Ayam petelur yang digunakan berumur 7--10 minggu hal ini karena 7 minggu
adalah awal fase grower dan pada umur 10 minggu ayam akan dipindahkan ke
kandang battery ( individu) untuk masa adaptasi kandang layer sebelum produksi.
Menurut Astuti (2009), kandang grower untuk pemeliharaan ayam berumur 5--10
minggu kepadatan kandang ayam adalah 6--8 ekor m-2. Menurut Rasyaf (2005),
kepadatan ayam petelur saat masa grower 8 ekor m-2, dan standar kepadatan ayam
petelur saat fase awal grower sebaiknya 12--14 ekor m-2 (Fadilah dan Fatkhuroji,
2013). Sementara berdasarkan penelitian Bujung (2010), didapat bahwa
pemeliharaan ayam jantan tipe medium dengan kepadatan kandang 10, 12, 14 dan
16 ekor m-2 tidak berpengaruh nyata terhadap pertambahan berat tubuh, konsumsi

6

ransum dan konversi ransum.
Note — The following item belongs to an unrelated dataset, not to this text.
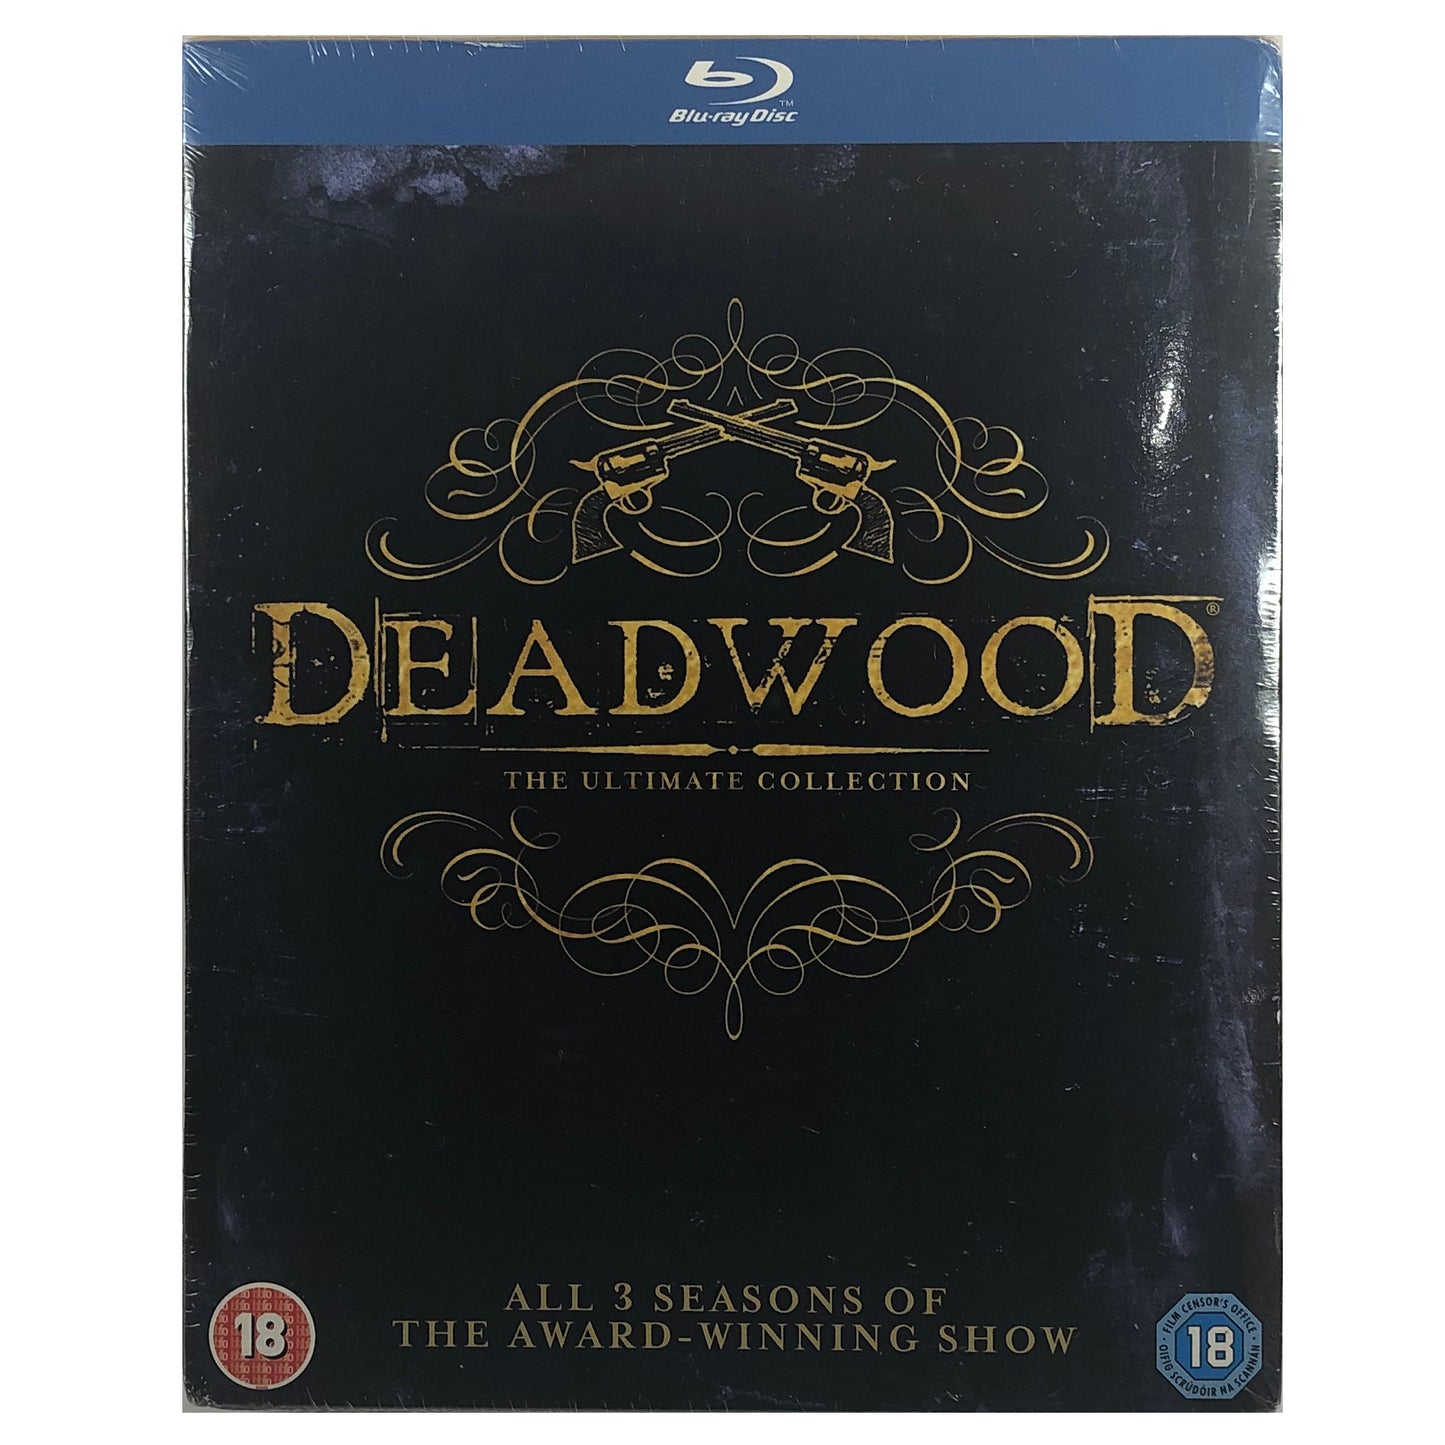 Deadwood - The Ultimate Collection Blu-Ray Box Set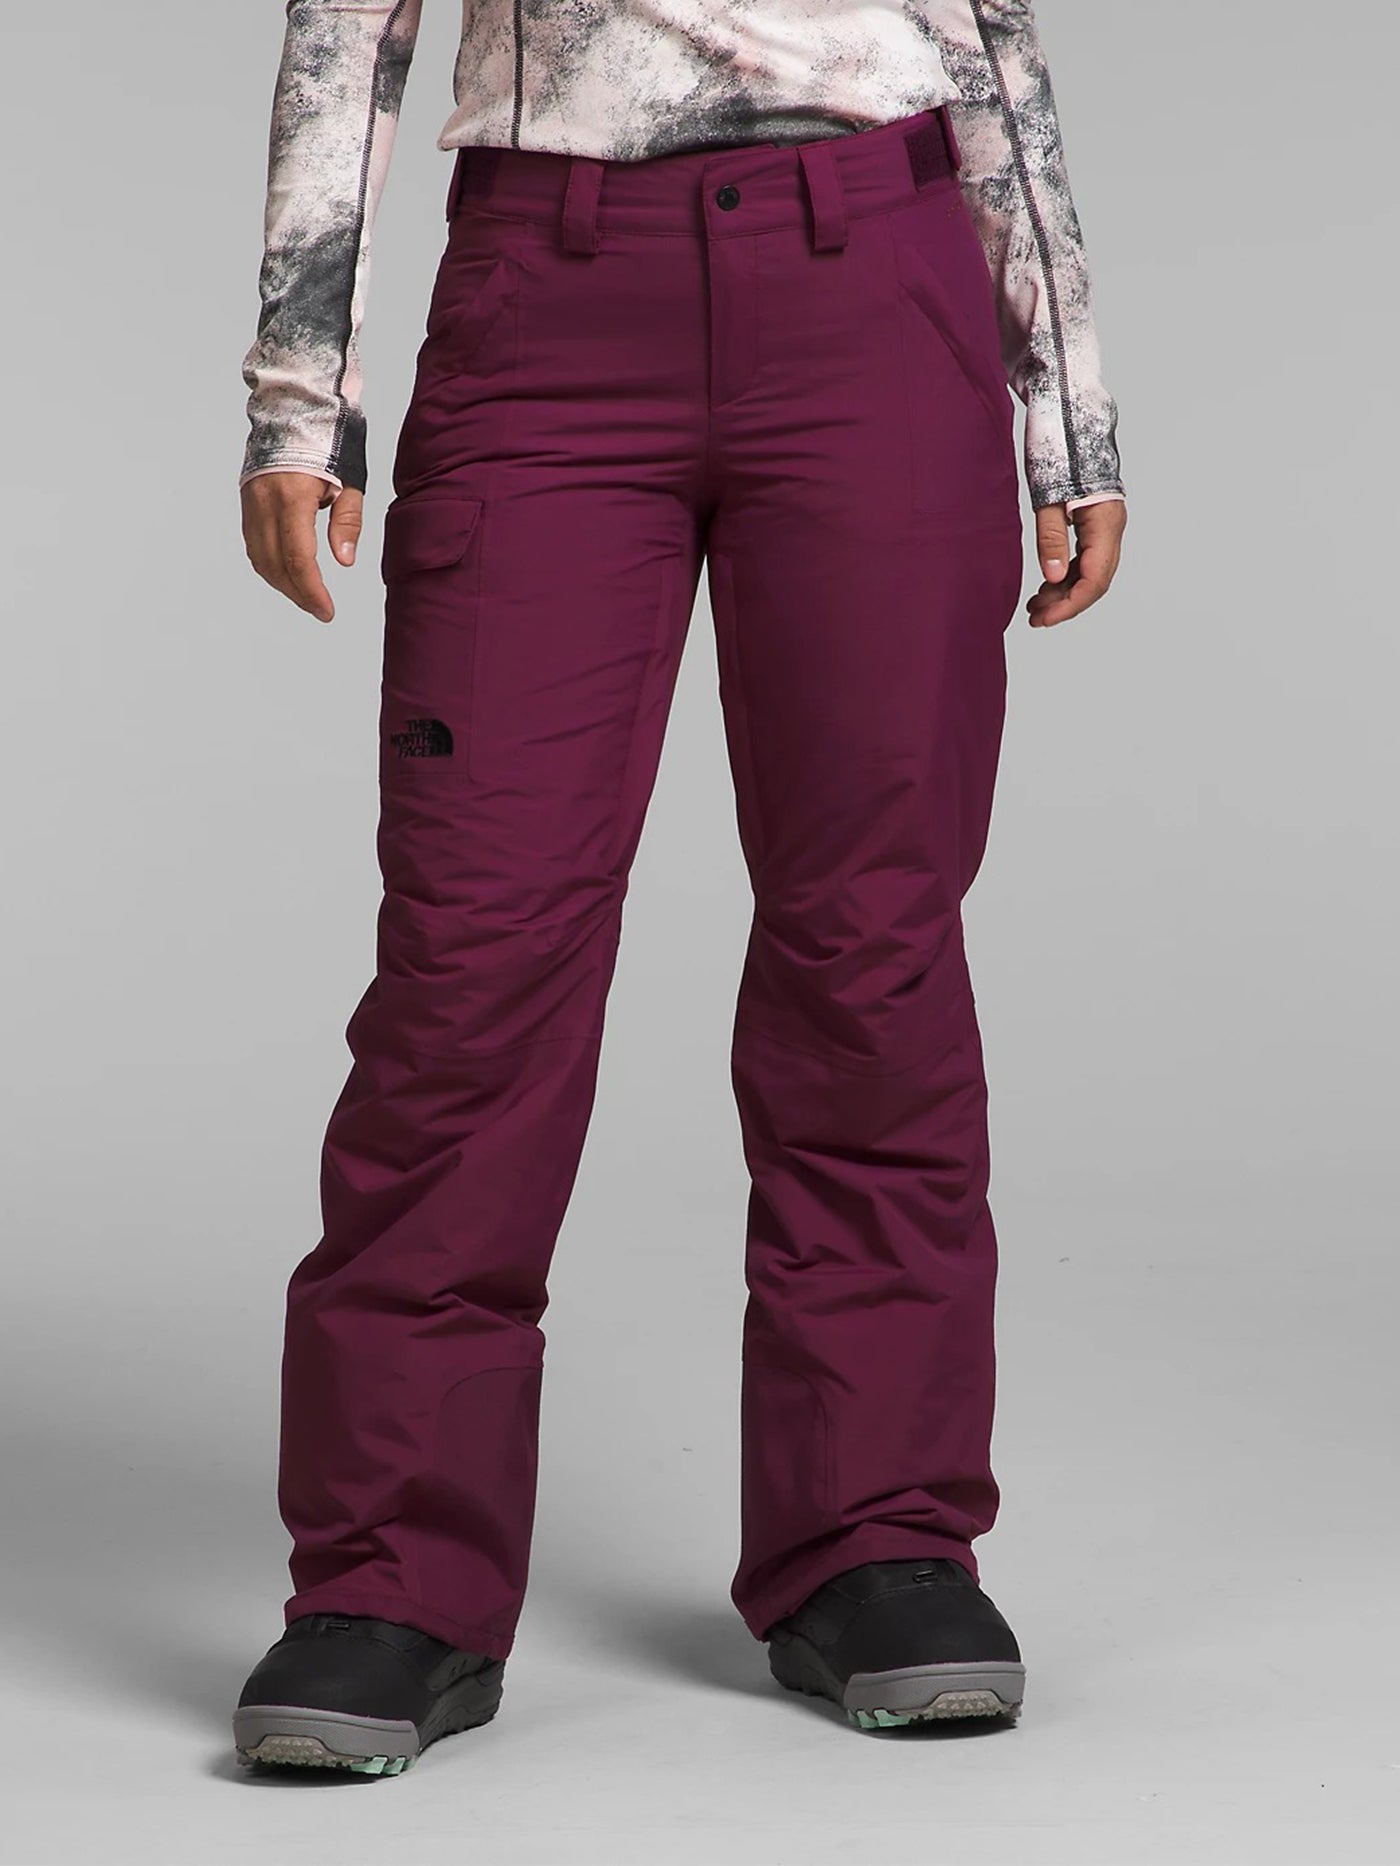 The North Face Womens Freedom Insulated Snow Pant in Misty Sage

Akan tetapi, pada kepadatan 10 ekor m-2
memberikan pengaruh terbaik terhadap income over feed cost, dibandingkan
dengan kepadatan kandang 12, 14, dan 16 ekor m-2 (Nova dkk., 2007).
Berdasarkan uraian di atas, pada penelitian pemeliharaan ayam petelur fase
grower ini akan dilakukan dengan kepadatan kandang 6, 9, 12, dan 15 ekor. Oleh
sebab itu, penting dilakukan penelitian yang menyatakan berapa kepadatan
kandang yang baik pada ayam petelur fase awal grower dan pengaruhnya
terhadap performa.

E. Hipotesis
Hipotesis yang diajukan pada penelitian ini adalah
1) adanya pengaruh tingkat kepadatan kandang terhadap performa (pertambahan
bobot tubuh, konsumsi, konversi ransum, keseragaman, dan IOFC) ayam
petelur fase awal grower;
2)

terdapat tingkat kepadatan kandang yang optimal terhadap performa
(pertambahan bobot tubuh, konsumsi, konversi ransum, keseragaman, dan
IOFC) ayam petelur fase awal grower.

7

II. TINJAUAN PUSTAKA

A. Ayam Petelur Fase Grower

Ayam ras petelur adalah ayam yang dipelihara dengan tujuan untuk menghasilkan
banyak telur dan merupakan produk akhir ayam ras dan tidak boleh disilangkan
kembali (Sudaryani dan Santosa, 2000). Berdasarkan fase pemeliharaannya, fase
pemeliharaan ayam petelur dibagi menjadi tiga fase, yaitu fase starter (umur 1
hari--6 minggu), fase grower (umur 6--18 minggu), dan fase layer/petelur (umur
18 minggu--afkir) (Fadilah dan Fatkhuroji, 2013).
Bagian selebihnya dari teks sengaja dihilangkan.